と、告げて元友人が握るプラズマハンドガンを取り破壊すると


 警報が鳴り響き

「侵入者を確認、侵入者を確認」

と、保安ドローンが下りて来た。


 元友人の持っていたプラズマハンドガンは、この地区の管理システムと繋がっていたようで、それで管理システムを偽装していたらしい。

 アクセスの踏み台にしていたプラズマハンドガンを壊した事で、偽装が出来なくなり、保安システムが元友人を押さえる。


 人型ロボット達が来て、元友人を拘束する。


 それを1982号305番は冷静に見つめていると、隣にさっきまで話していた人工知性体の立体映像が出て

「いや…すまなかった。移動したと思って次のフェイズで待機していたんだが…。まさか…こんな事になっていたなんて…」


 1982号305番は冷静に

「システムに重大な穴がある」


 人工知性体の立体映像が

「今後、調査して、その穴を使えないように予防する」


 1982号305番と人工知性体の立体映像が移動していると

「アラターーーーーー」

と、保安ロボットに拘束されている元友人が叫ぶ。

「アリアは、生涯、お前を待ち続ける! アリアにとっての伴侶は、お前だけだ! どんな事があっても、アリアはお前の帰りを待ち続けるぞーーーーー」


 その言葉を背中に浴びる1982号305番は、背中を向けたまま

「メンタルクリニックが、彼らには必要ですね」


 隣にいる人工知性体の立体映像が

「君には関係ない事だ。後は、我々が適正な治療を受けさせる。その為にシステムは存在している。システムとは人を生かす為に存在しているのだから」


 1982号305番は、旅路の自動ドアを潜った。



 次のフェイズ、別時空への転移移動。

 1982号305番の前に、黄金に輝く十メートルの長方形の物体がある。


 1982号305番は、その黄金の物体と橋渡しする陸橋の前に来て

「これは?」

 

 その問いに人工知性体の立体映像が

「これがオメガデウスを解析して作られたゾディファールというシステムだ。オメガデウスの機能を一部、ナノマシンでエミュレータさせたモノだ。

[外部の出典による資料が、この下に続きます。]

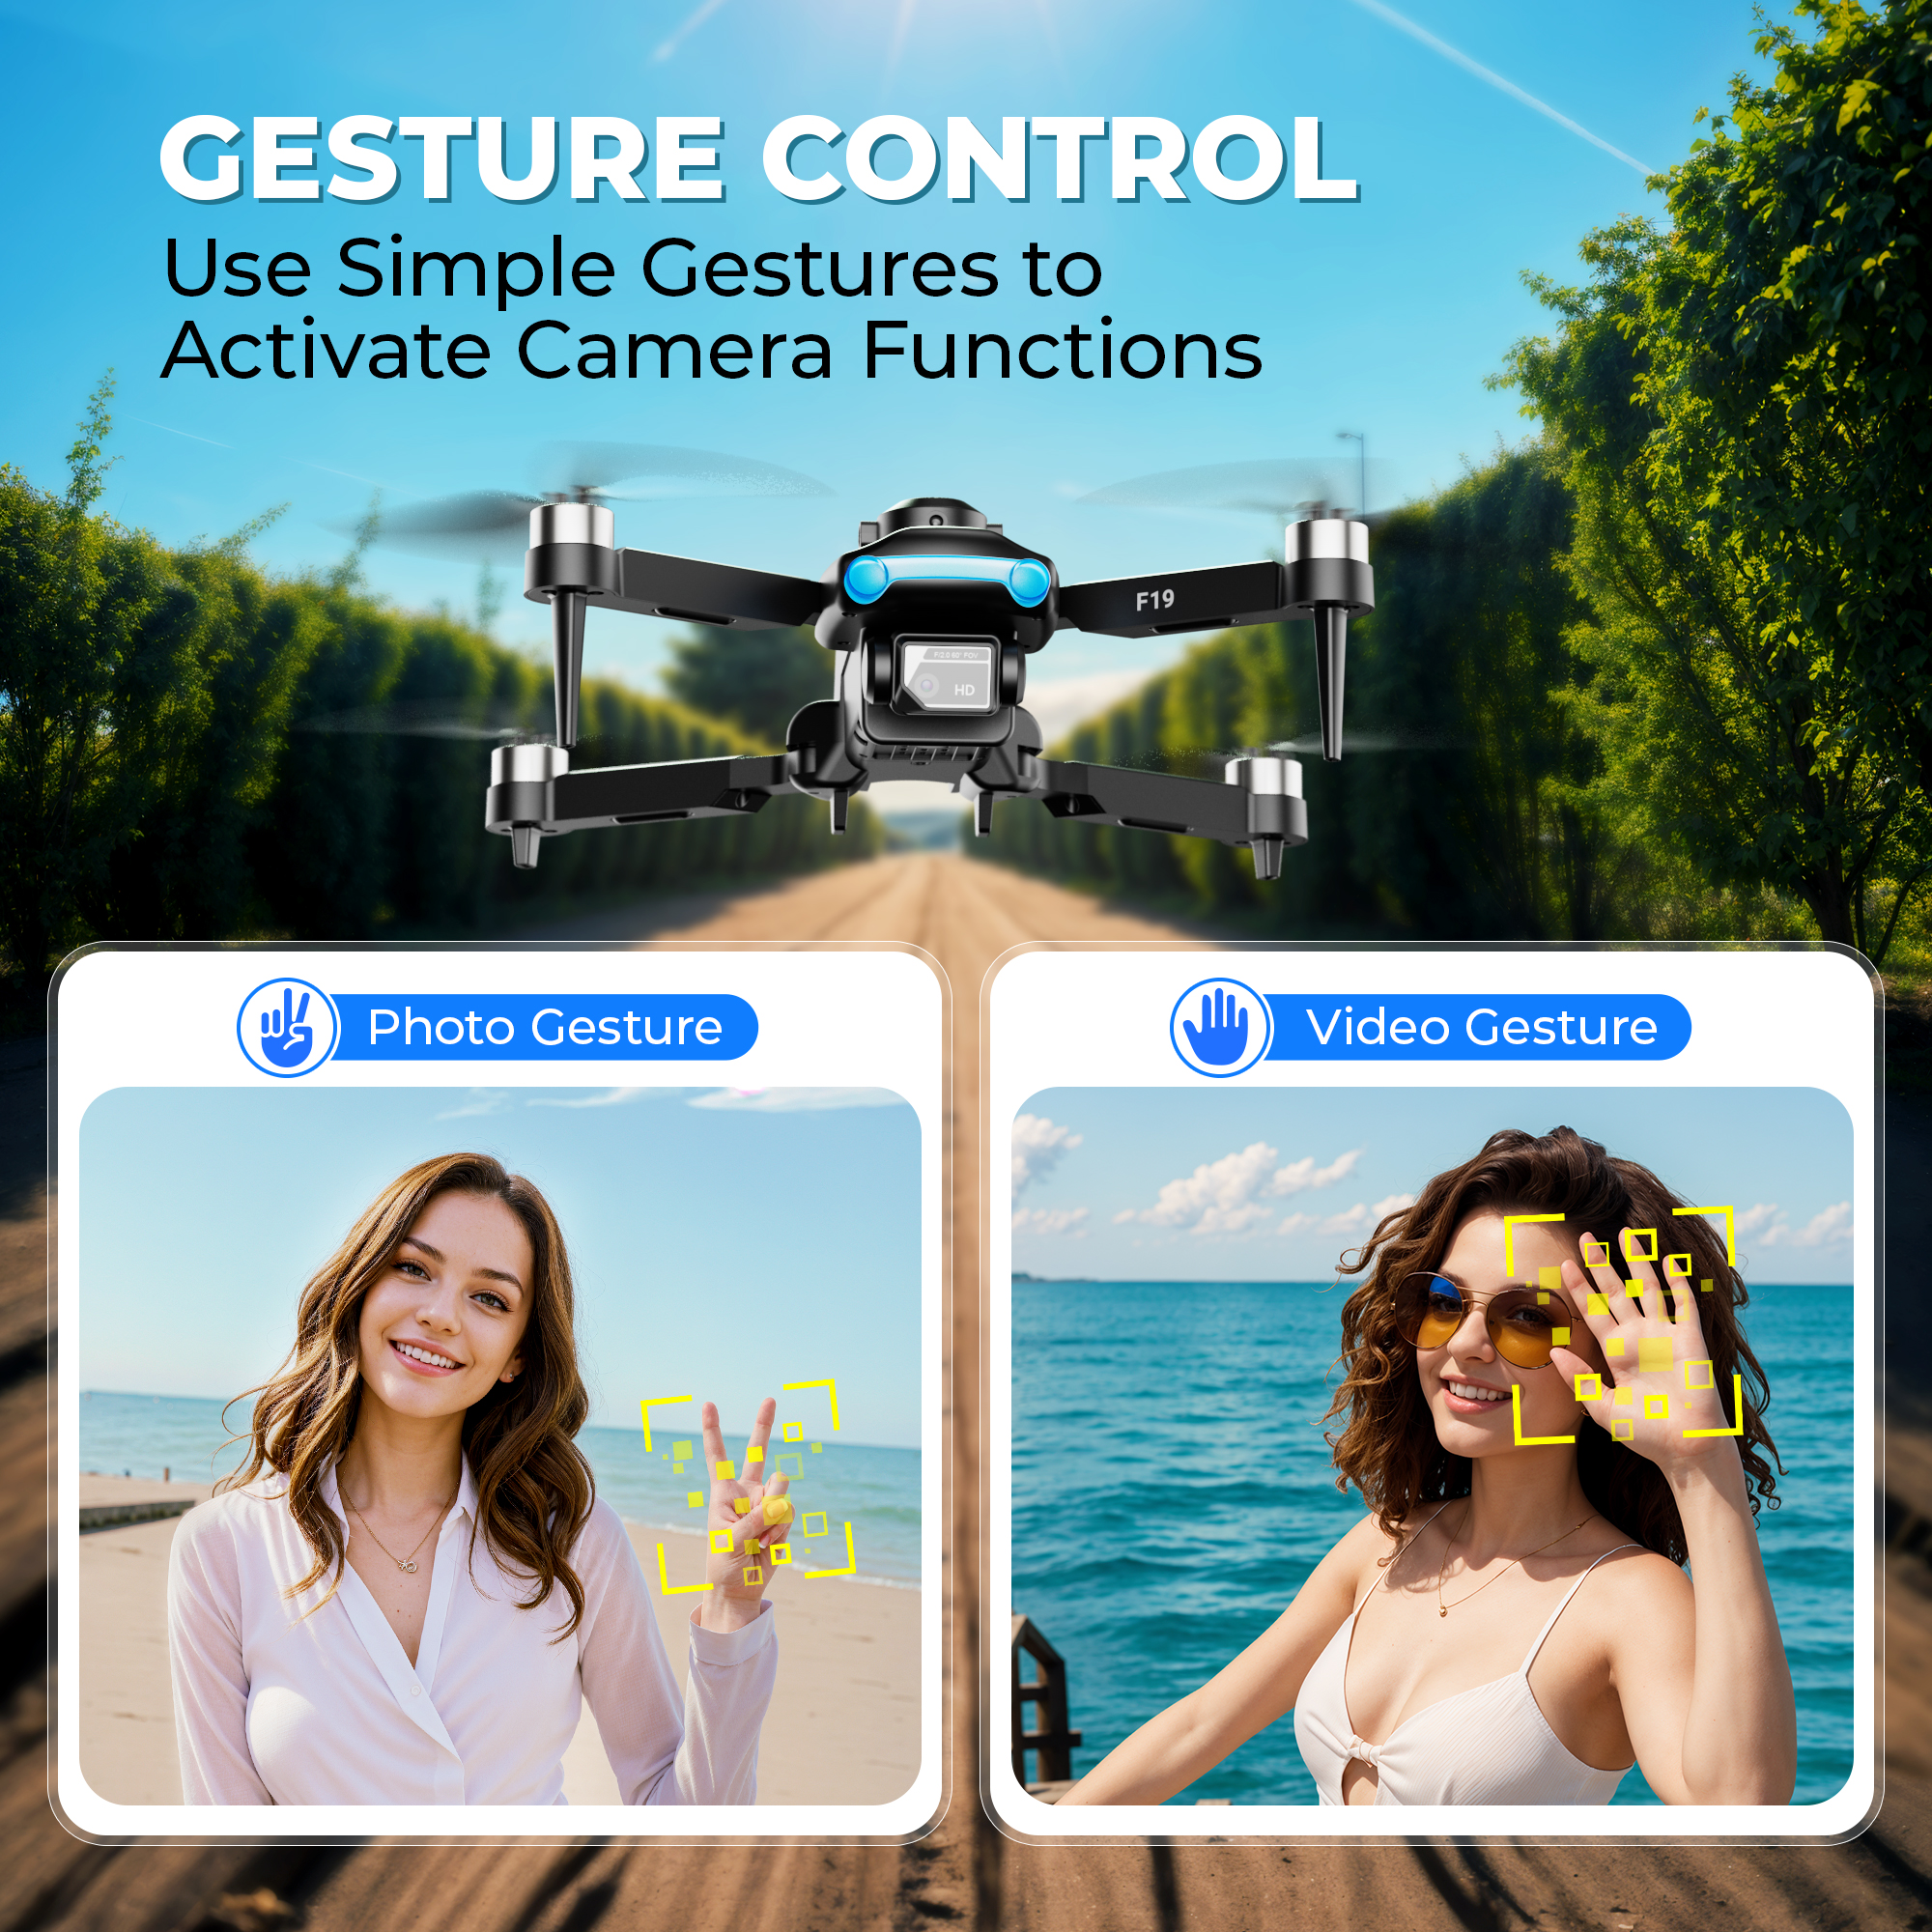 Contixo F19 Drone with 1080P Camera for Adults & Kids – RC Foldable  Quadcopter with Four-Way Obstacle Avoidance, Follow Me, Waypoint Fly,  Altitude

 基本システムは、高次元からエネルギーを取り出すのだが、その課程で別時空との接続を行える」


「ほう…」と1982号305番の好奇心が疼いた。


 人工知性体の立体映像が

「では、重要事項を伝える。

 まず、現地の調査が君の主任務だ。

 その過程で、やってはいけない事がある。それは犯罪行為だ。

 殺人、強姦、窃盗、詐欺。その基本四大罪は勿論の事、現地の住民を破滅したり滅ぼす行動は、絶対に行ってはいけない。

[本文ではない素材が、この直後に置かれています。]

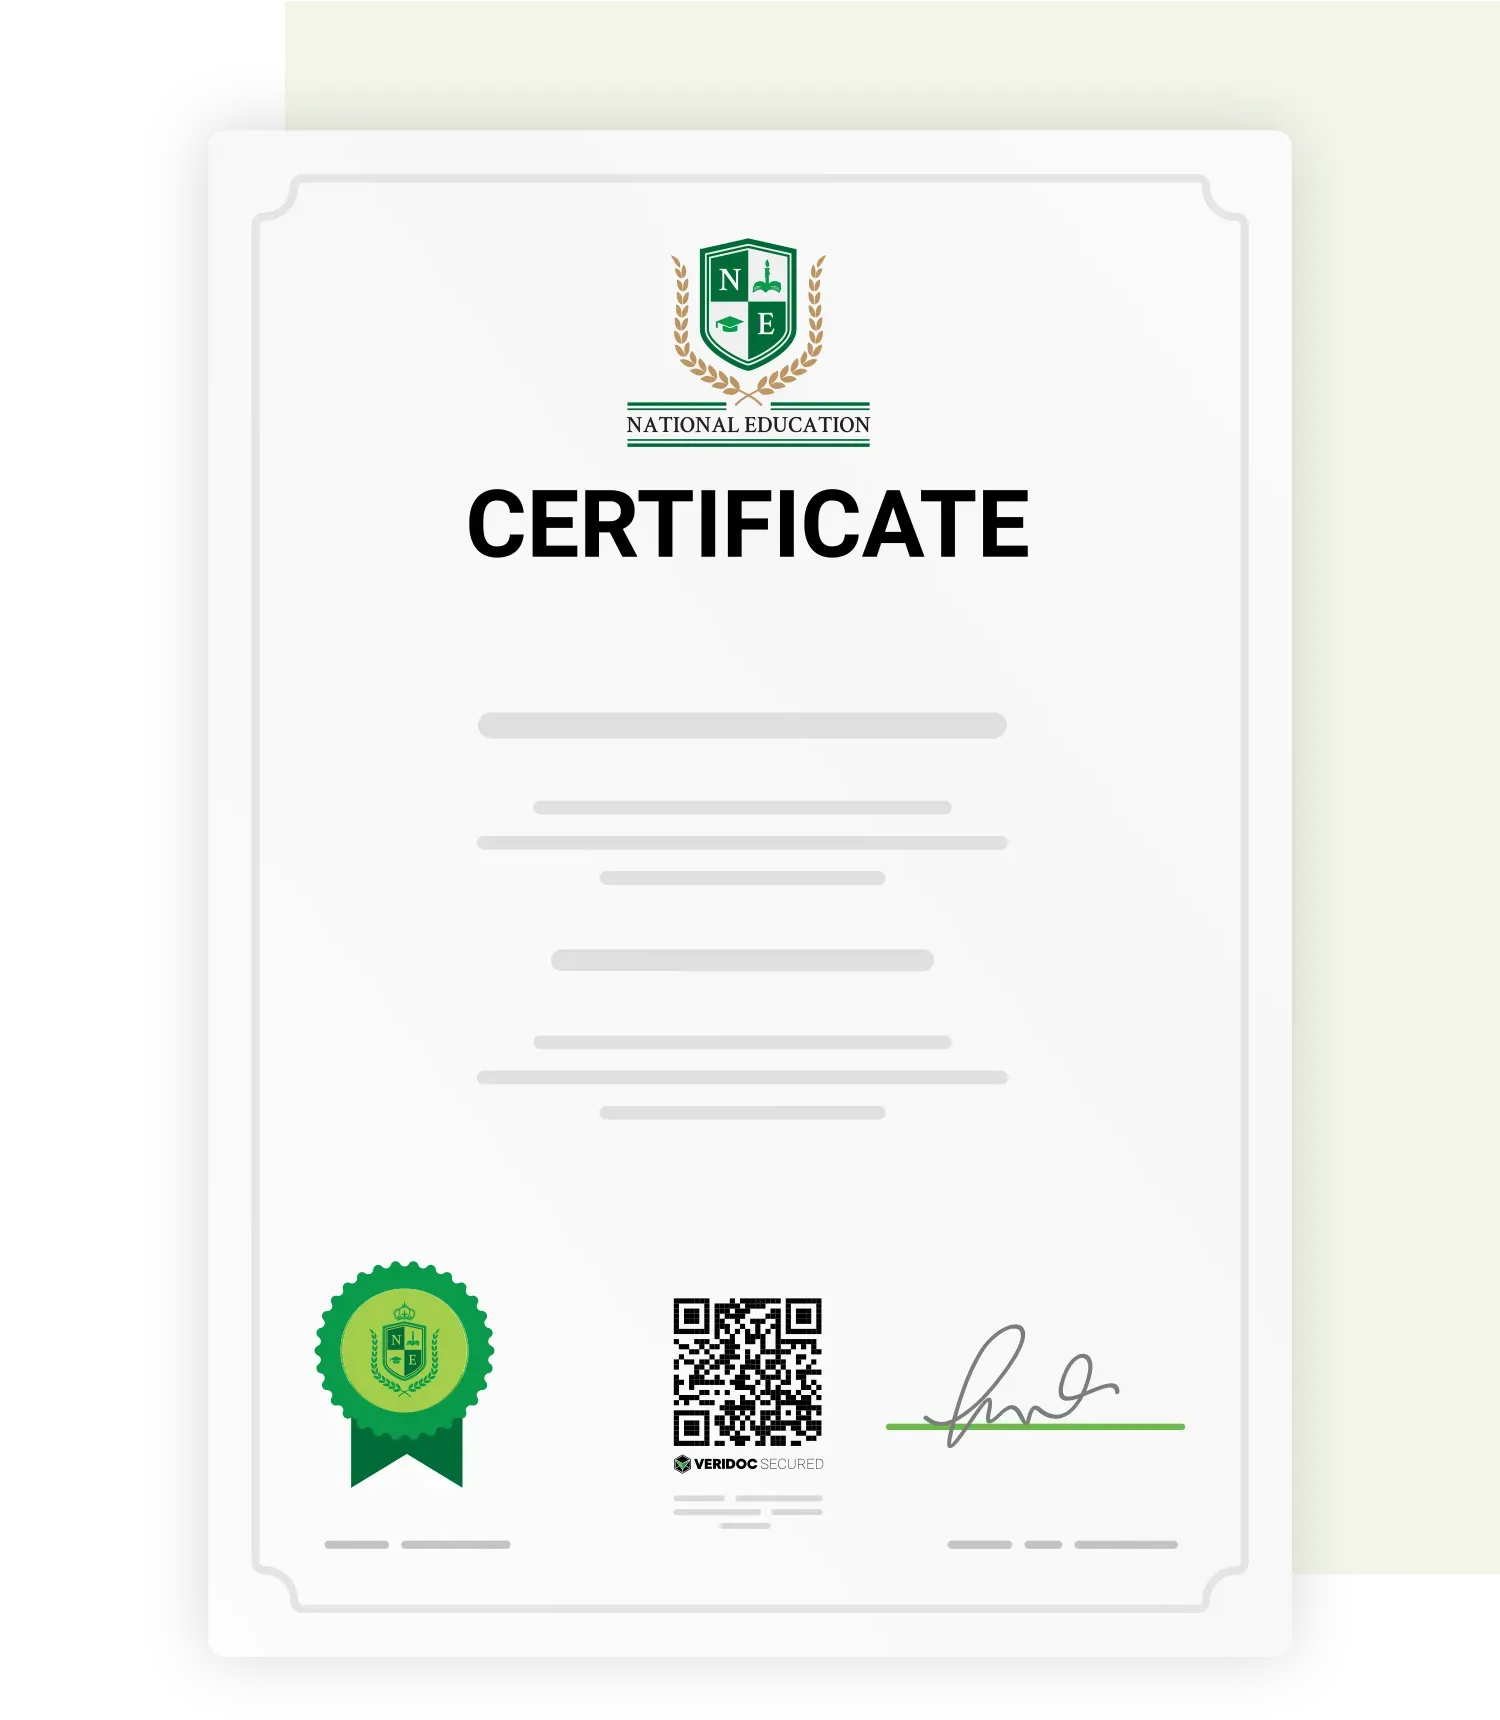 Storing And Verifying Certificates Made Easiar With Veridoc Certificates Veridoc Certificates 5500

 それが確認された場合は、即時、我々は部隊を派遣して君を捕縛する。

 君のネオデウスのシステムから我々が監視をしているのを理解して置いてくれ。

 まあ、この辺は、君が何時も任務を担当する恒星間代理戦争と同じだね」


 1982号305番が

「報告書の作成は?」


 人工知性体の立体映像が

「それは、まあ…やってくれても構わないが。状況によって報告書の作成が遅れるのは考慮している。そもそも、君を通じてデータを得ているのだから、無意味かもしれないが…個人的な主観は、思いのほか、欲している者達が多いから、なるべくは上げて欲しい」


 1982号305番が

「他に重要な任務は?」


 人工知性体の立体映像が

「さっきも言った通り、まずは現地の調査が優先。

 そして、可能ならでいい。現地の技術体系との接触と、もし…それによって協調を組めるなら…その交渉と後押しをして欲しい。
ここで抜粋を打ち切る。